§ **Exercise data**
═══

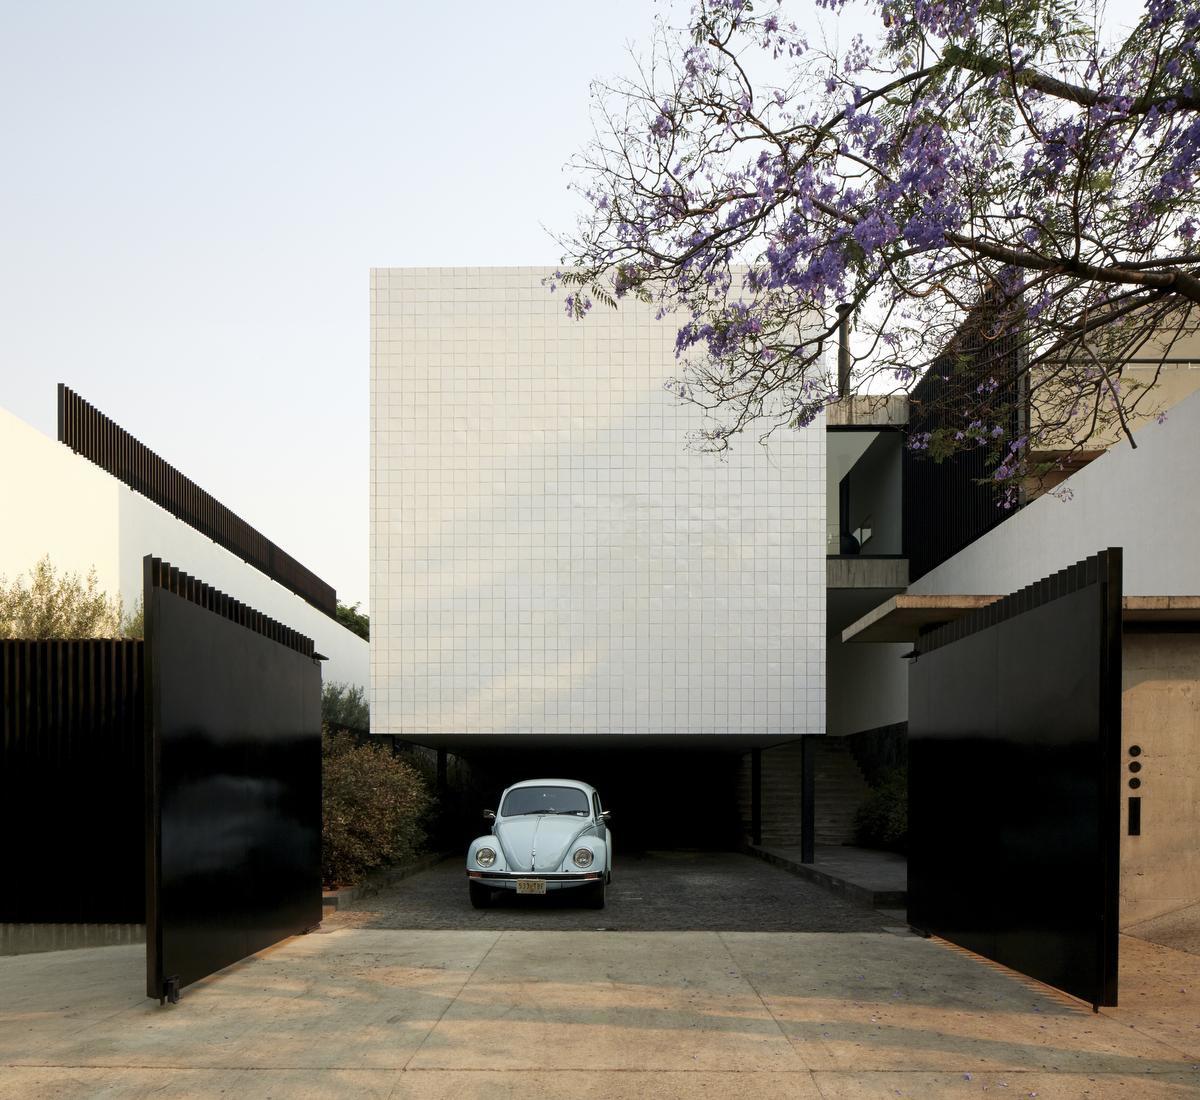 Casa Alpes in Mexico City, een ontwerp van het Mexicaanse architectenbureau Productora.
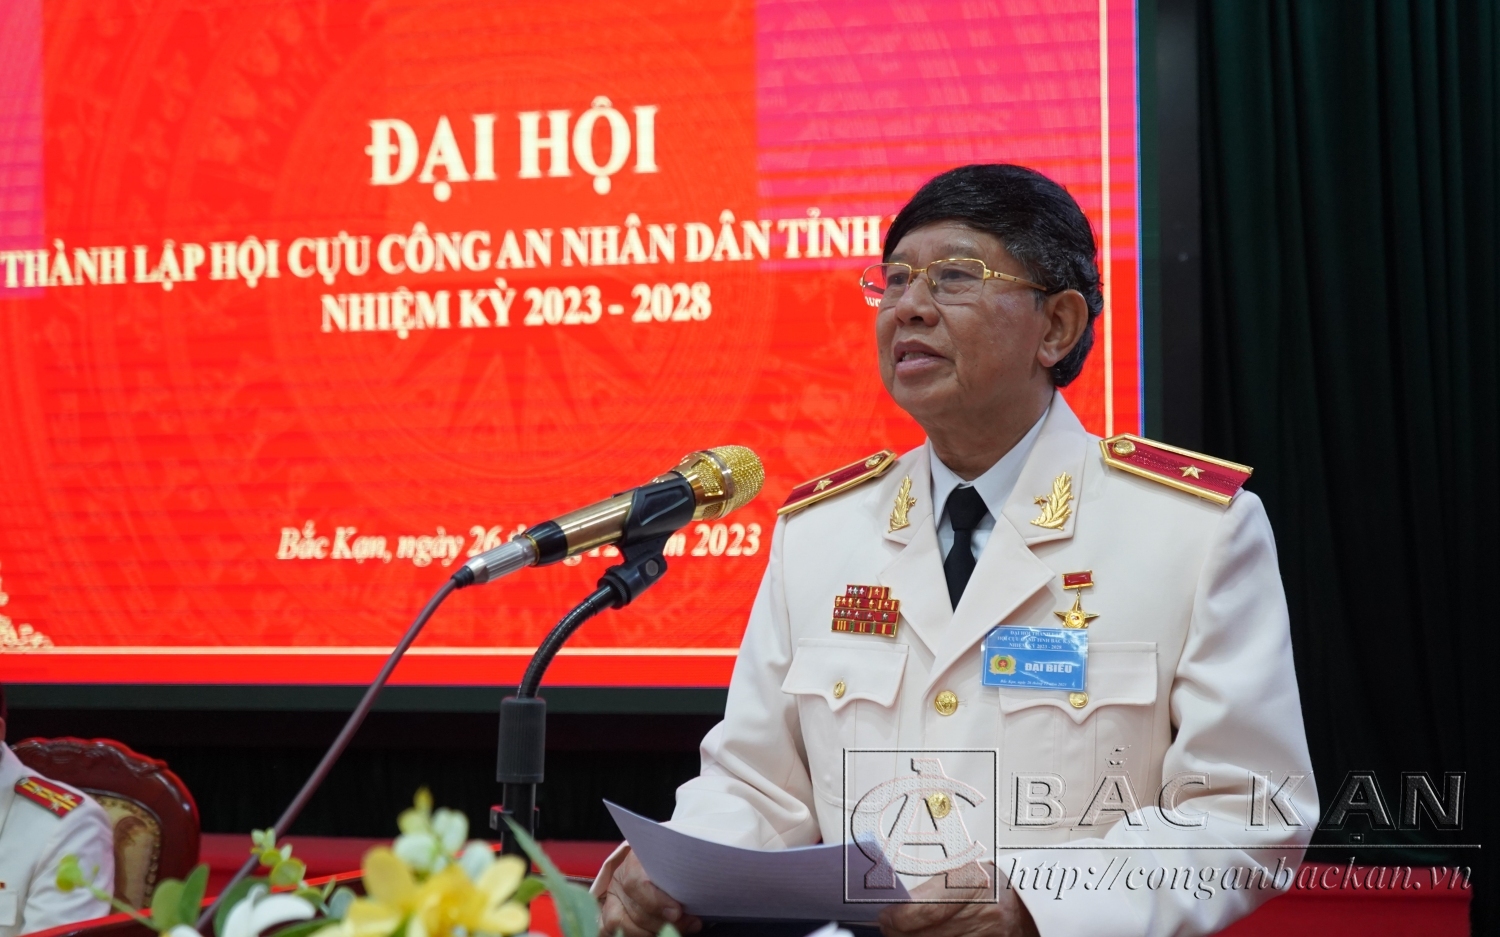 Thiếu tướng Vũ Hùng Vương, Anh hùng lực lượng vũ trang nhân dân, Phó Chủ tịch thường trực Hội Cựu Công an nhân dân Việt Nam phát biểu tại Đại hội
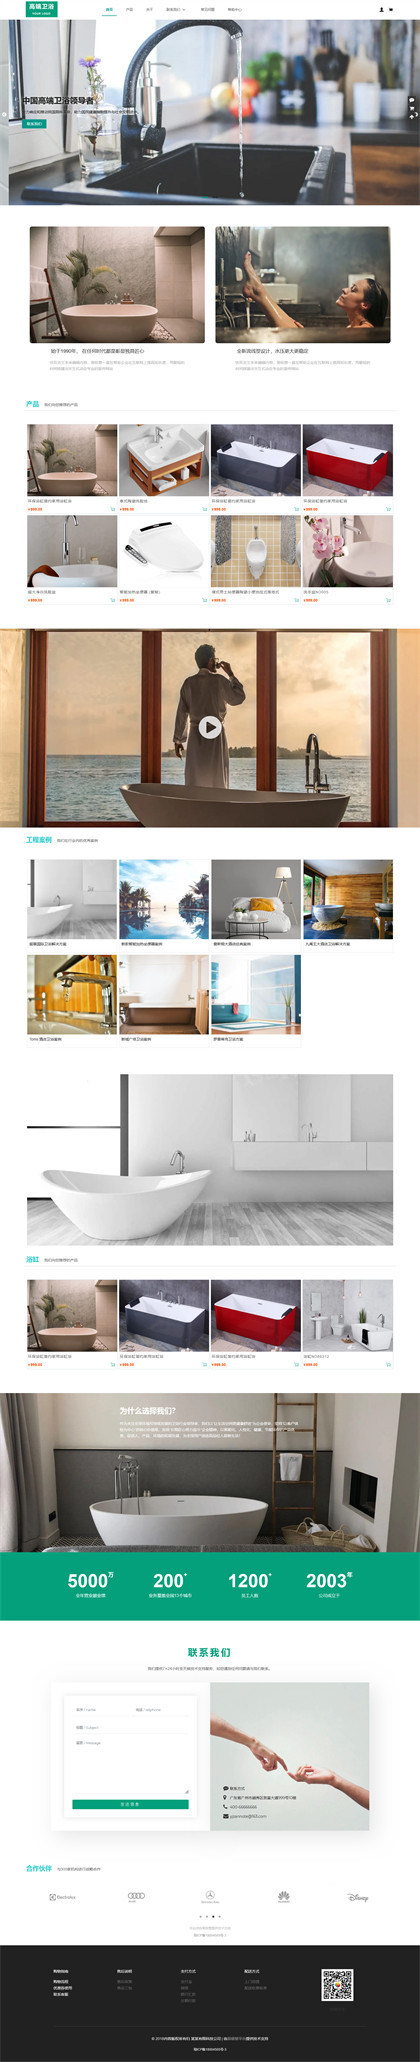 五金卫浴-厨卫用品-卫浴用品-建材用品-浴缸-洗手盆商城网站模板网站模板预览图片

═══

§ **Exercise aim**
Reproduce the data above line for line, excluding every picture.

§ **Solved exercise**
 Casa Alpes in Mexico City, een ontwerp van het Mexicaanse architectenbureau Productora.
 Thiếu tướng Vũ Hùng Vương, Anh hùng lực lượng vũ trang nhân dân, Phó Chủ tịch thường trực Hội Cựu Công an nhân dân Việt Nam phát biểu tại Đại hội
 五金卫浴-厨卫用品-卫浴用品-建材用品-浴缸-洗手盆商城网站模板网站模板预览图片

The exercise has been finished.